Look through the entries below and show every line containing the word "Learning".

(DATA SECTION)

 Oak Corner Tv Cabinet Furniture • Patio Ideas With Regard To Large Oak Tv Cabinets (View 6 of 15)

(End DATA SECTION)
(DATA SECTION)

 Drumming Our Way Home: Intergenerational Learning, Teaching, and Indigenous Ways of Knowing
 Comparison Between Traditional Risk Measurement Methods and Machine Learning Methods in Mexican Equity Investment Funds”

(End DATA SECTION)

TASK OUTPUT |
 Drumming Our Way Home: Intergenerational Learning, Teaching, and Indigenous Ways of Knowing
 Comparison Between Traditional Risk Measurement Methods and Machine Learning Methods in Mexican Equity Investment Funds”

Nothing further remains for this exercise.